Updated: Feb 21
The biblical story of Esav, who sells his birthright to his younger brother Jacob for a bowl of lentil stew, inspired generations of home cooks to recreate this rich, thick soup, using ingredients and spices that were cultivated during Biblical times.
Cooking this delicious, comforting, and extremely satisfying stew is effortless, and it would be ready in less than an hour (no need to soak the lentils and they cook fast!). Feel free to improvise with available vegetables, and adjust the spices to your taste.
3 Tablespoons cooking oil
1 large onion, diced
2 large carrots, diced
2 zucchinis, diced
2 celery stalks, including leaves, chopped
3 clove garlic, chopped
2 cups (400gr) brown or red lentils, or a mix of both, rinsed
1 Tablespoon salt
1 teaspoon ground cumin (or crushed seeds)

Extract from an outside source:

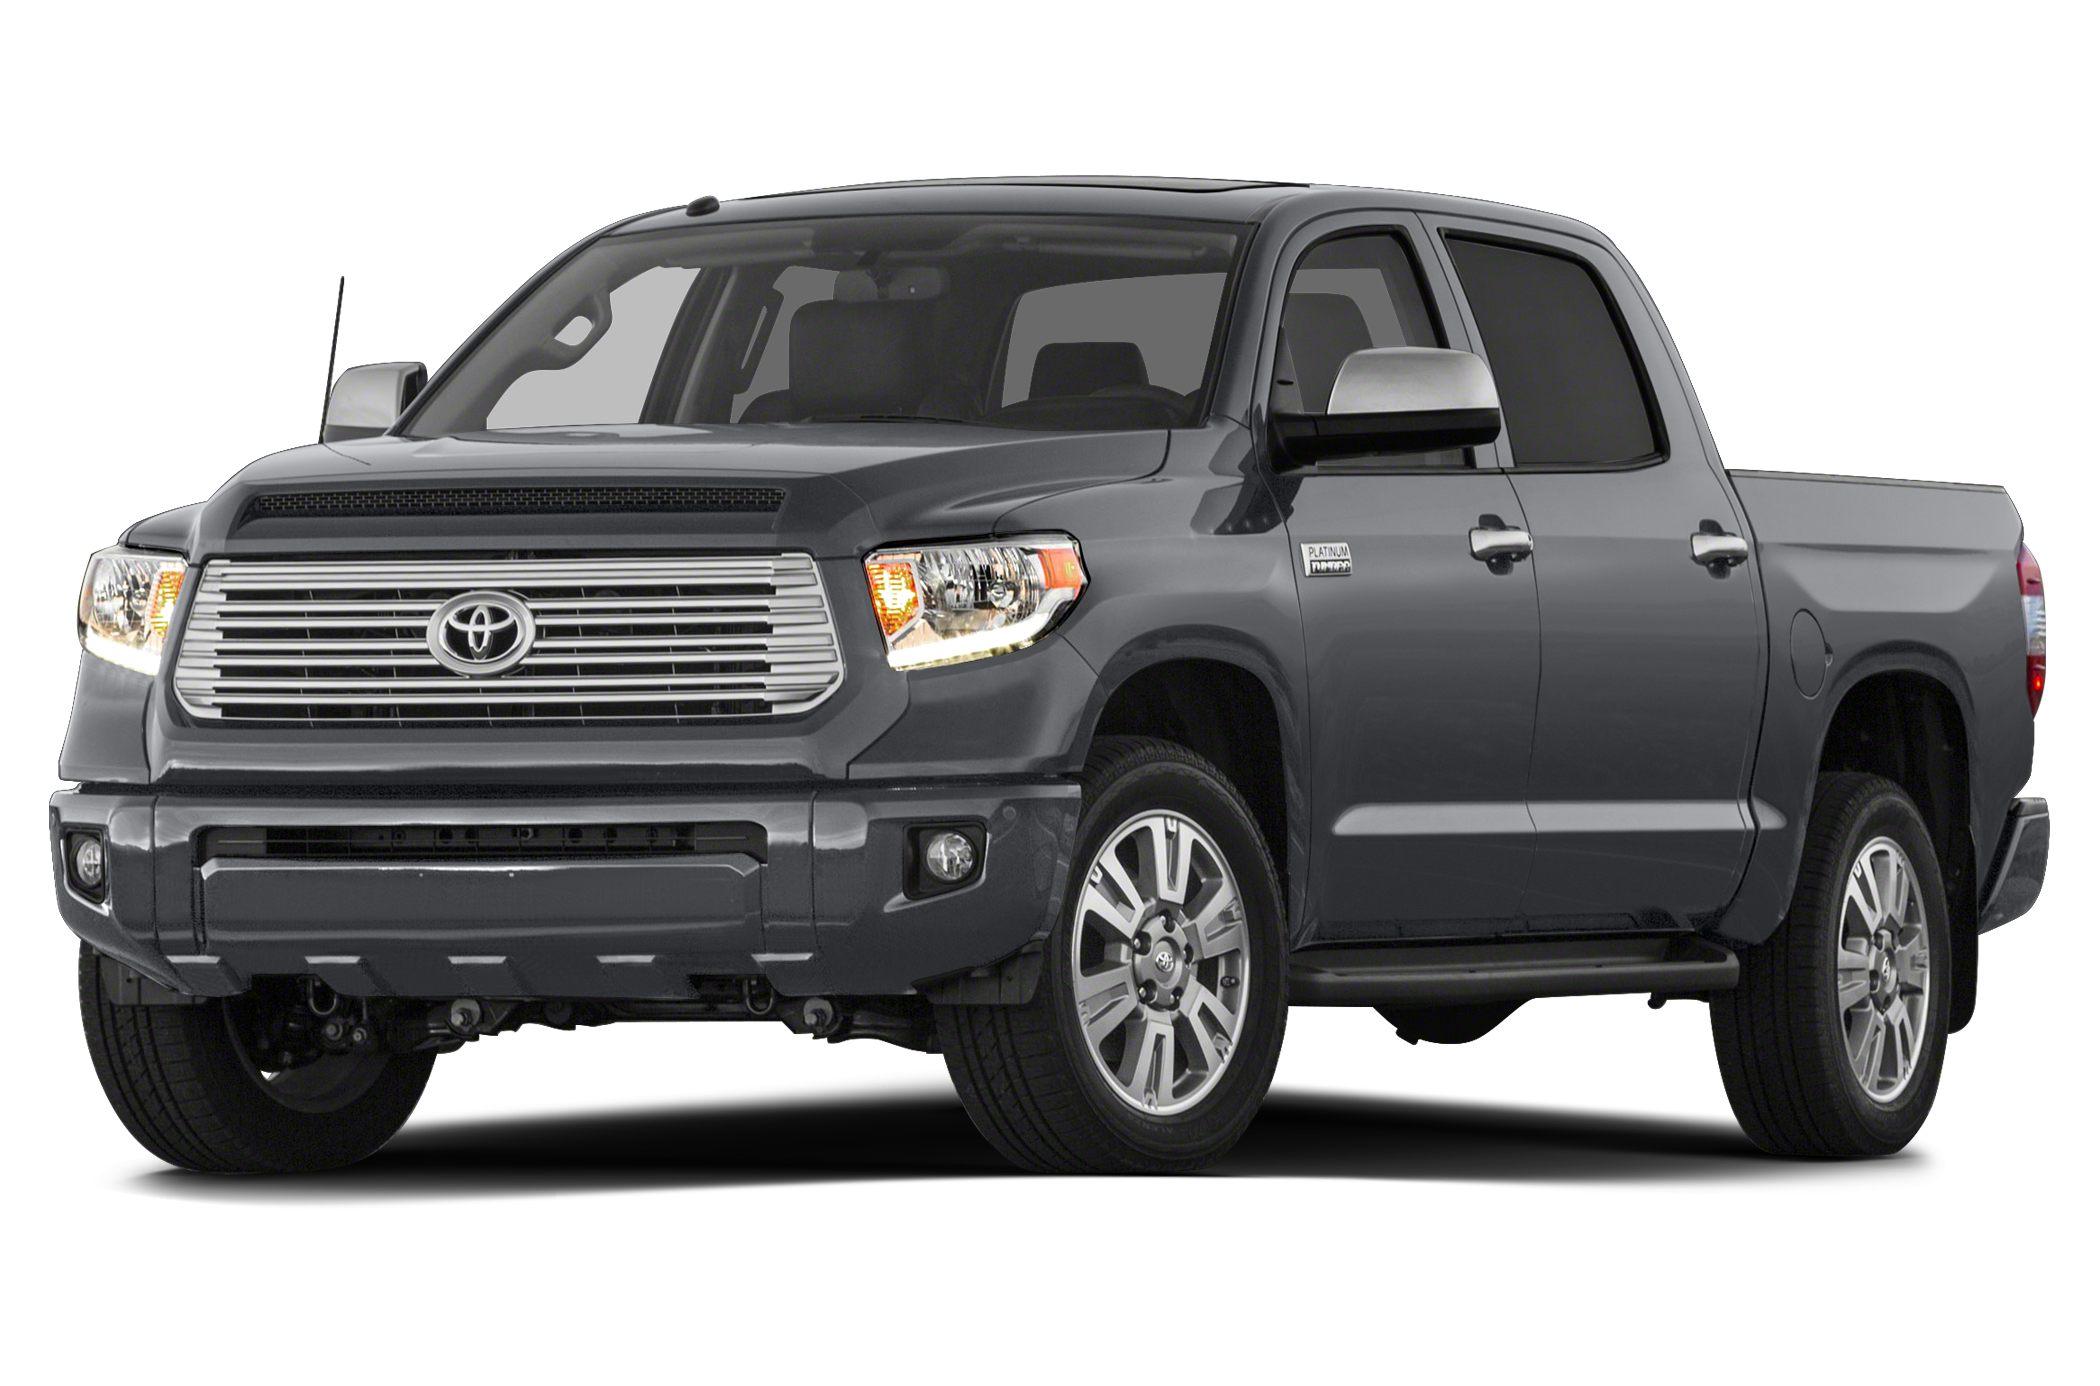 Toyota Isis 2016 In Pakistan Cactotc

1/2 teaspoon ground coriander (or crushed seeds)
1/4 teaspoon ground cardamom (or 2 open pods), optional
1/2 teaspoon ground black pepper
8 cups water
In a soup pot, heat oil over medium heat. Add diced onion and saute till translucent.
Add garlic, carrot chunks, zucchini, and celery. Continue to saute till ingredients begin to caramelize.
Add lentils to the pot, stir.
Cover the mixture with water, and bring to a boil.
Reduce heat to a simmer, add all spices, and stir.
Cover the pot and let the stew simmer slowly for 40-45 minutes.